The significance—dramatically and thematically—of this progression from “I know” to “I think” to “I saw” becomes clearer, I’d suggest, in the context of the “ocean” seeming to “Refuse[] the glory” of the “ceremony,” how this threatens the speaker’s affirmation of nature and desired connection to it, and how this also threatens the speaker’s attempt to demonstrate the validity of a poetics focused outward on nature rather than inward on the self. This threat is implicit in the seemingly unneeded word “itself.” It is the “ocean itself“ (italics added), not the speaker’s perception of the ocean or his imaginative projection of it, that “Refuse[s] the glory” of the “ceremony” by maintaining its “cold slate-color.” If the ocean is disconnected from, and impervious to, the “glory” that is seemingly “over all and through all,” or if the ocean is, in its “cold[ness],” antithetical or impervious to the ceremony, then the speaker’s initial impression of the sunset, of nature, as “ceremony” and “glory” becomes a misapprehension and fails to be a proof of the need to turn from “our own minds” to regard, instead, “the superhuman beauty.” If the ocean is a revelation of an absolute nonhuman materiality, then imputing beauty to nature is an act of the mind. If beauty is simply a result of the “dredg[ing] of our own minds” rather than a result of “admiring” the “superhuman beauty of the world,” then imputing beauty to nature is delusional. While celebrating the desire for beauty in spite of the reality of perception can be, as Wallace Stevens demonstrates, a validation of the imagination’s redemptive power, that is neither the demonstration Jeffers is trying to make nor the position he is attempting to validate.

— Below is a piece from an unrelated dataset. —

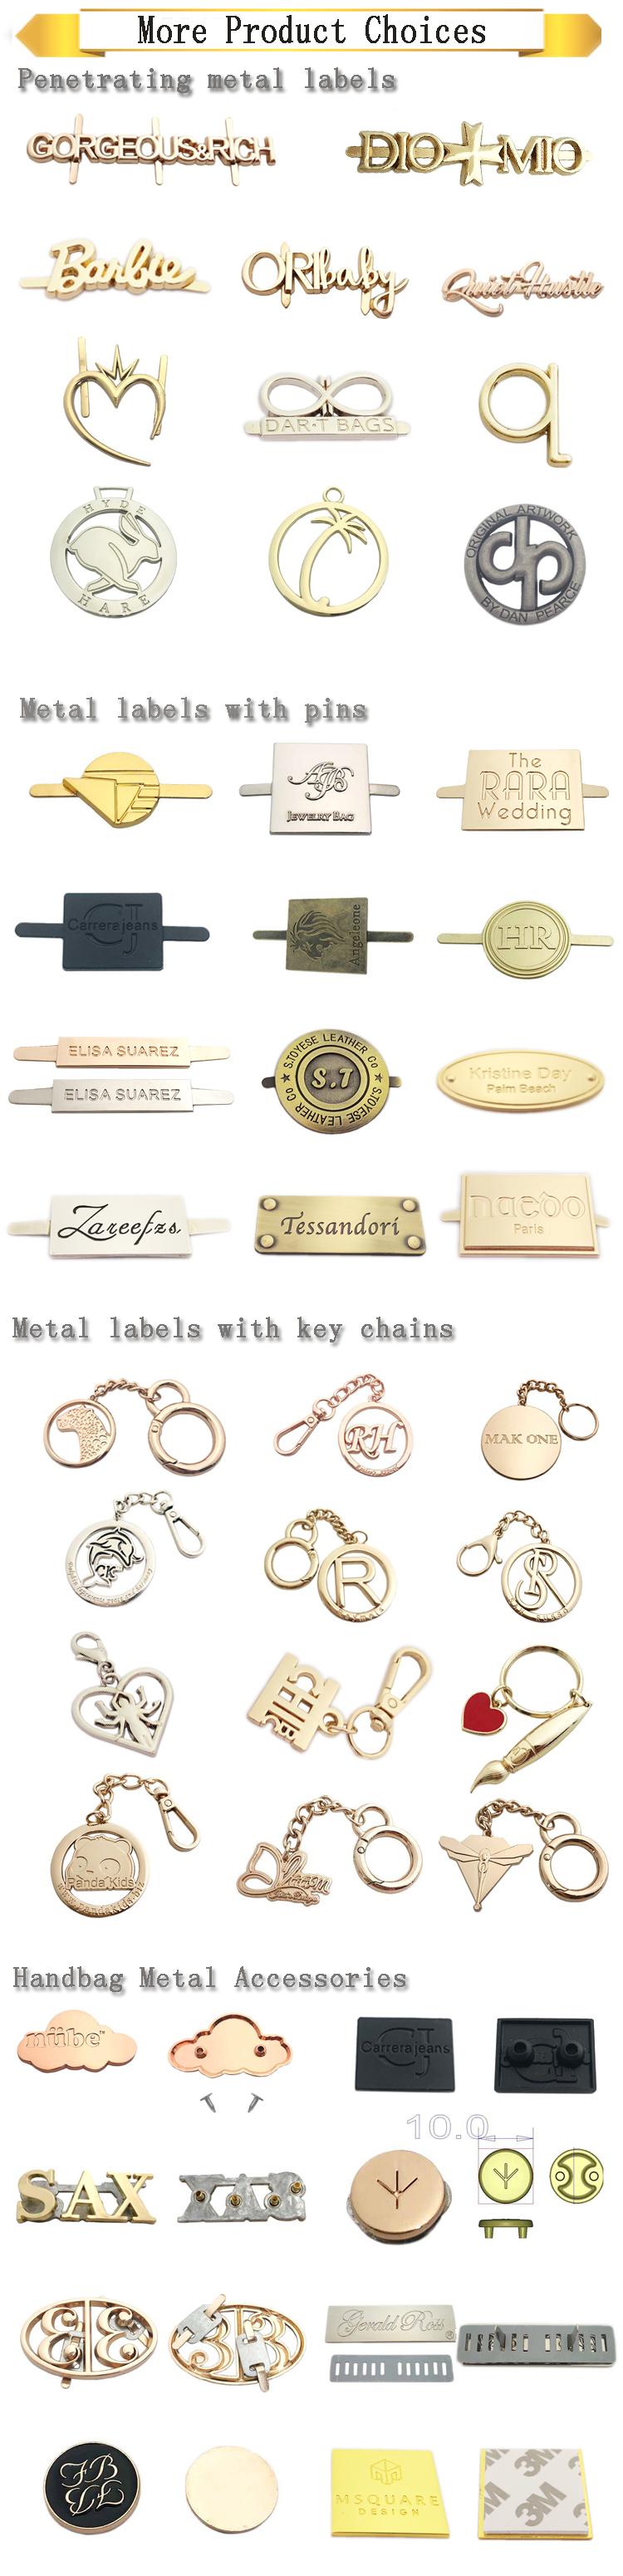 Logotipo personalizado fabricante artesanal de metal etiqueta de metal logotipo placa tag para bolsa

The dilemma created for the speaker in recognizing that the ocean, as “cold slate-color,” seems not to participate in the “ceremony” is the poem’s experiential and conceptual crisis. And the “Then I saw” that follows needs to be understood not simply as a continuation of the initial description but as a transformational pivot that reimagines, actually reperceives, the ocean’s seeming unresponsiveness to the “glory” as the speaker shifts from observing “the superhuman beauty” that he has been describing to participating in “the superhuman beauty” that he is discovering. As such, this response marks a decisive shift in the poem from what might be termed ordinary observation (the I “admiring” nature) to visionary participation (the I within and of nature, a part of it even as apart from it in the act of observing).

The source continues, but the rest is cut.